EXERCISE PROMPT: Quote the entries below from the line with "Mug Don't Stop Believing Ceramic Gift Mug" through the line with "storia-museo-di-pithecusae-g5", both ends included, and only those lines.

INFORMATION GIVEN:

==================================================

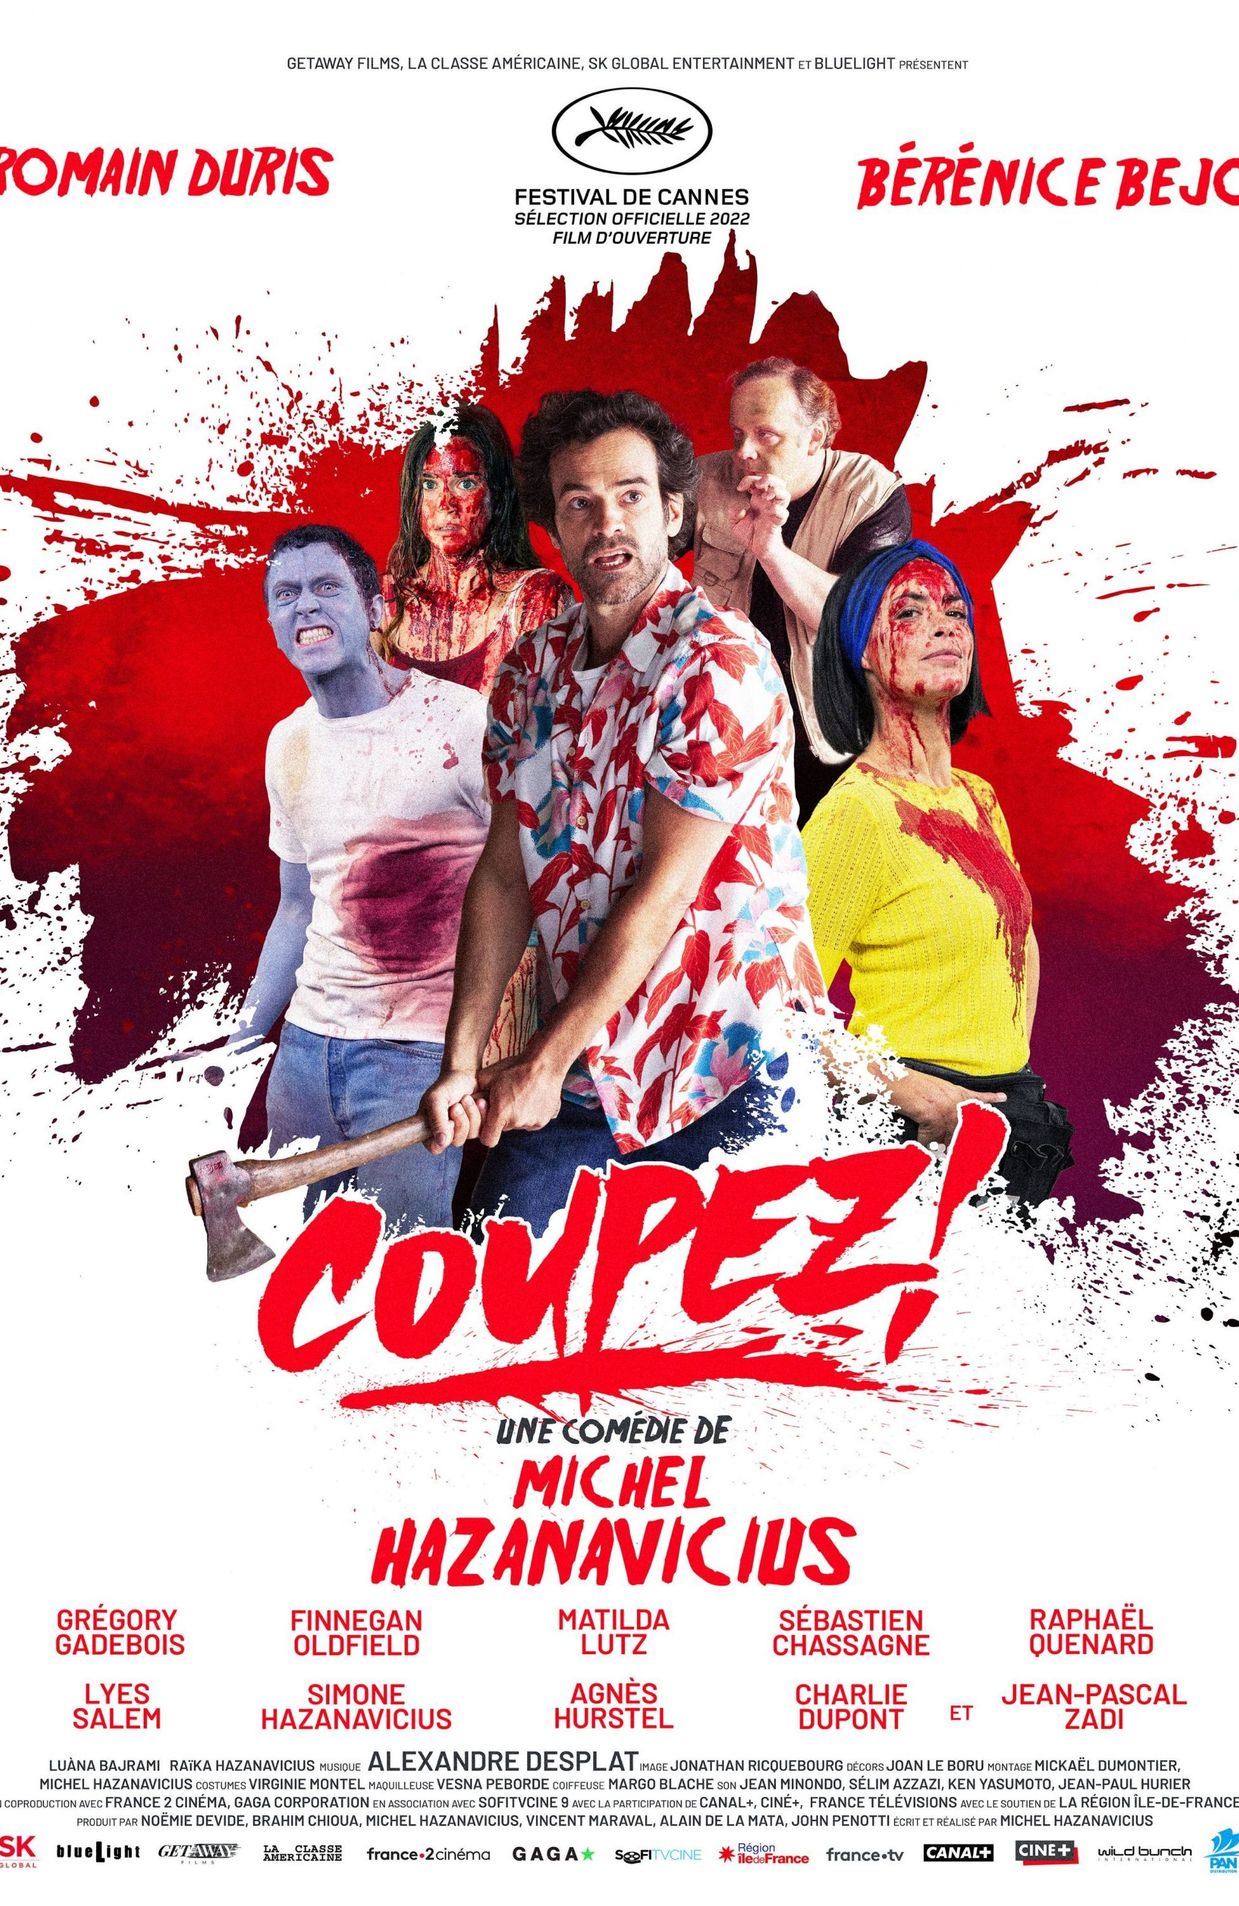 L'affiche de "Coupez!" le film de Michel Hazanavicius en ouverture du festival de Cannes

==================================================

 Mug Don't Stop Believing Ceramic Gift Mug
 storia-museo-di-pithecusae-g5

==================================================

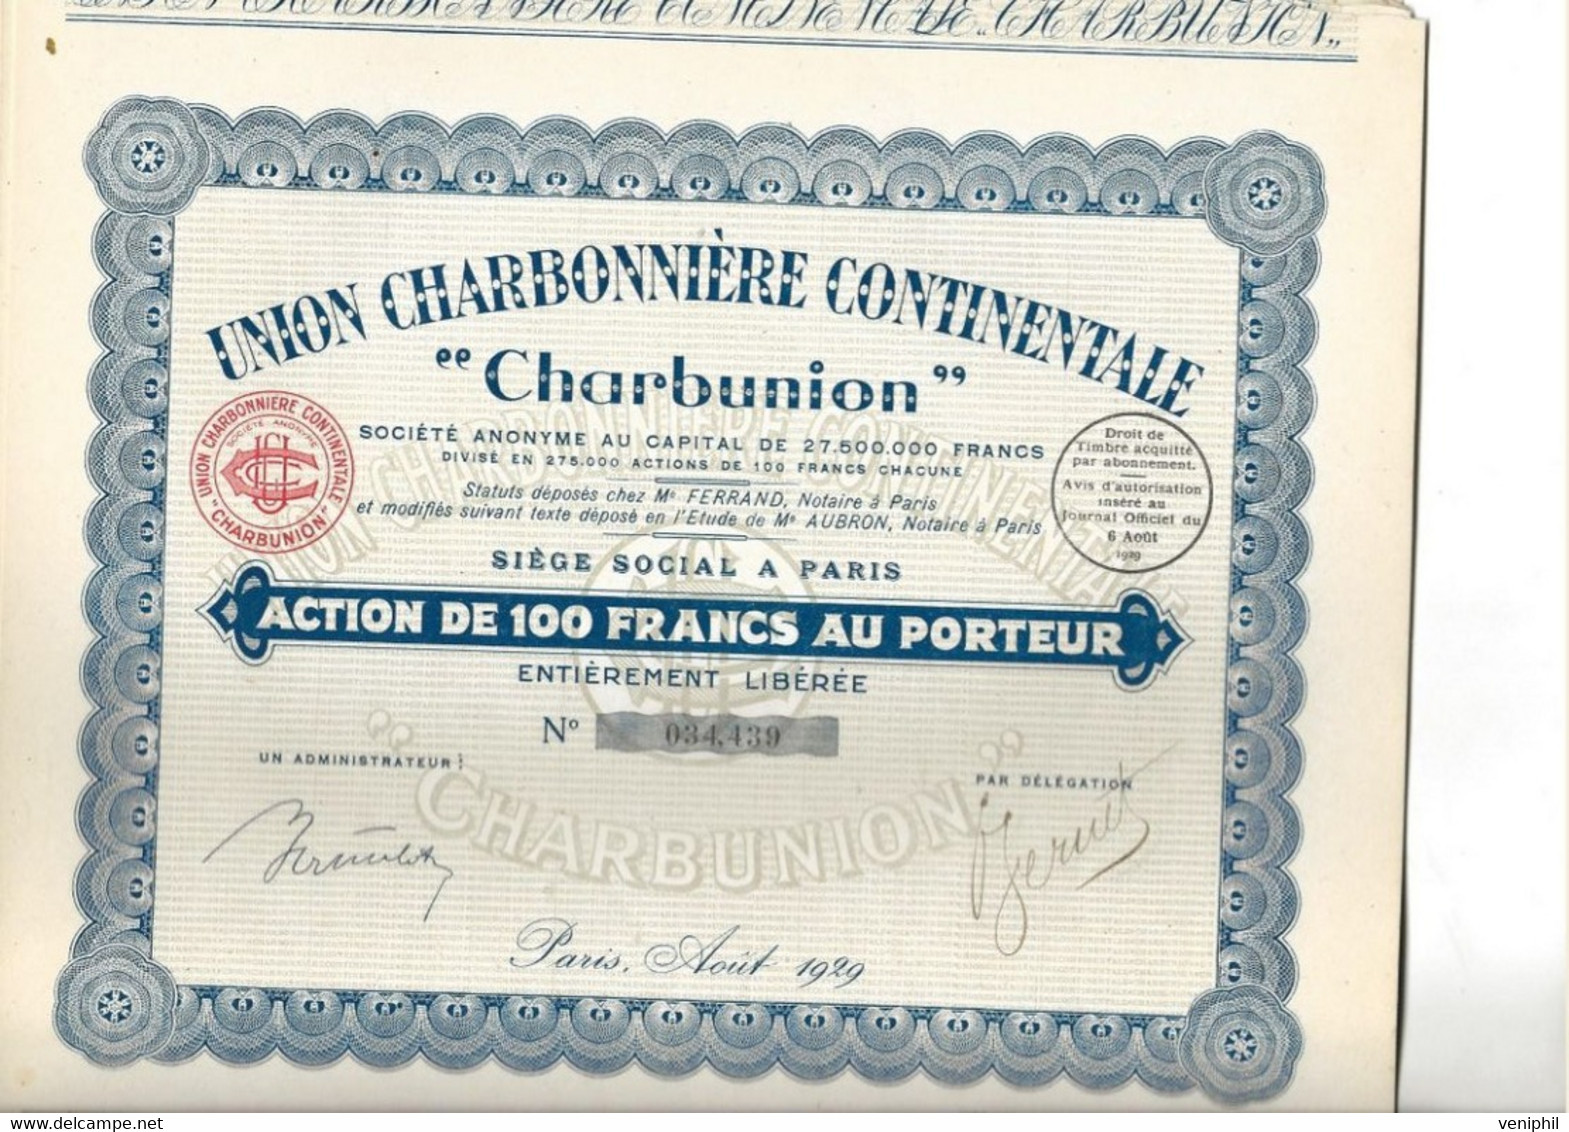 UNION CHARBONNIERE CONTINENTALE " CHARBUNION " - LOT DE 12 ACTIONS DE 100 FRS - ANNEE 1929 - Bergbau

==================================================

EXERCISE RESPONSE:
 Mug Don't Stop Believing Ceramic Gift Mug
 storia-museo-di-pithecusae-g5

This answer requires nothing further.